Given this, and given that I might want to use a "fastinfoset encoding
for Atom", then I should be able to register
"application/atom+fastinfoset" as a MIME type. Or, if I was using an
encoding which, unlike xml or fastinfoset, was not one that was useful
in a schema-less environment, I should be able to create and use:
application/atom;er="uper";schema="http://example.com/atom.asn1"
(where :
"er" indicates the encoding rules used,
"uper" indicates ASN.1 unaligned PER,
"schema" is the URI of the Atom schema)
If I can't do this, then what I'm forced to do is copy the
Atom spec into a new document, give it a new name and then continue as
before. This is simply silliness. I do not believe it is useful to
insist that I copy-paste a specification and give it a new name simply
to be able to use it.
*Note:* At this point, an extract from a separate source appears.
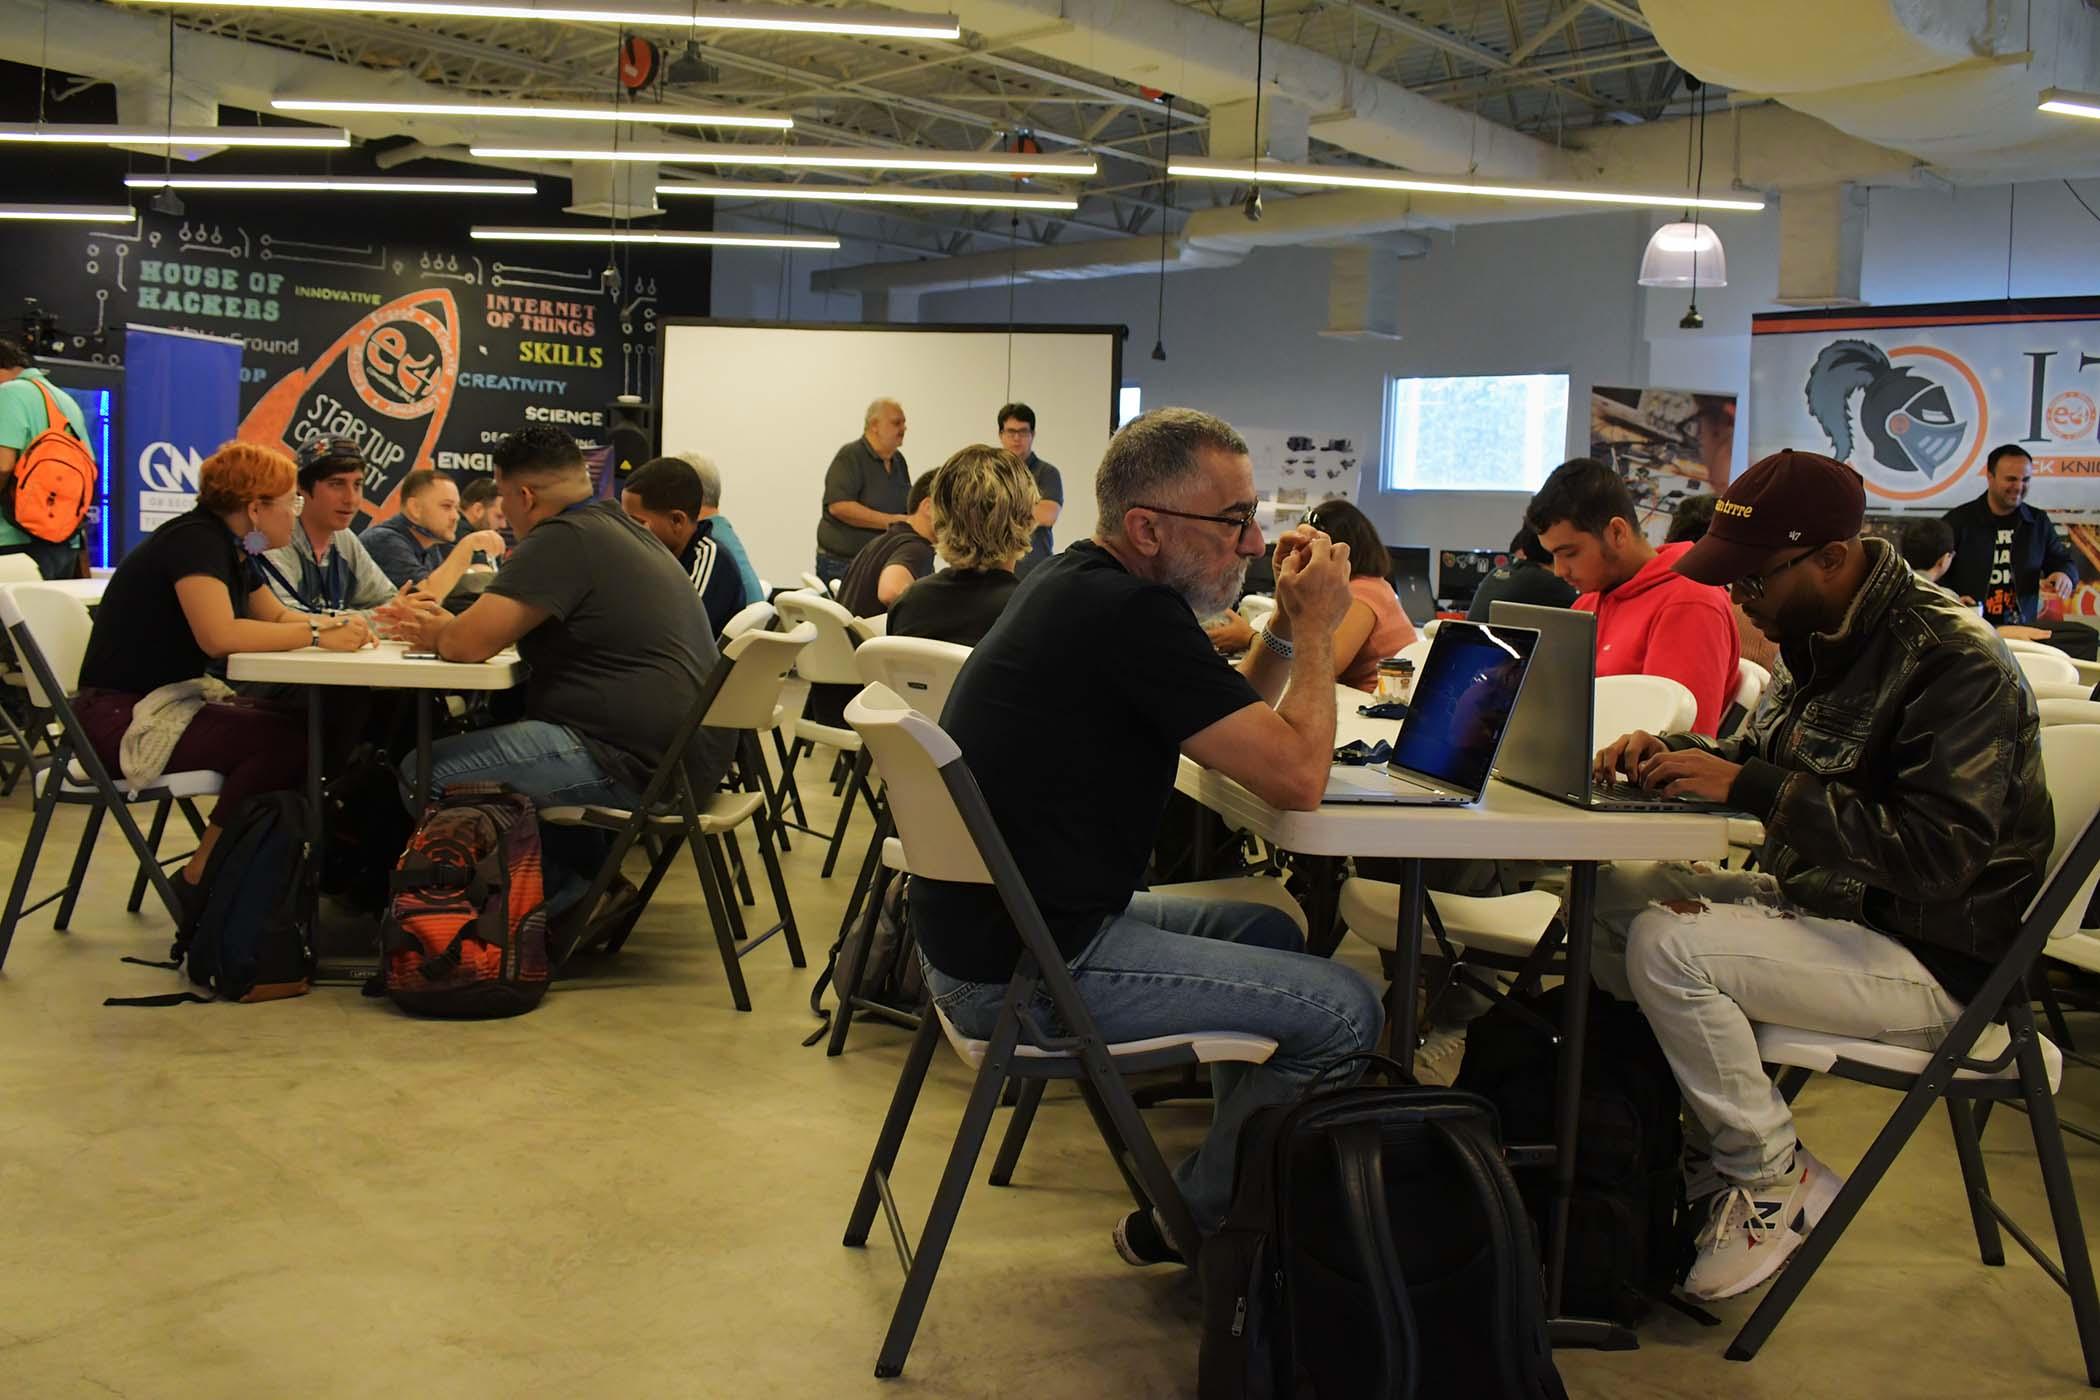 Galería: Hacker Lab 3.0

If nothing else, once a "copy" of Atom exists
with a new name, there exists the risk of diverging specifications --
THAT would not be good for interop.
If you want to say that the string "Atom", when used on it's
own and without further qualification, *always* refers to "atom+xml"
then that is fine. But you are doing more damage to interop than good
if you insist that I maintain a parallel definition of Atom simply so
that I can get a MIME type to identify it.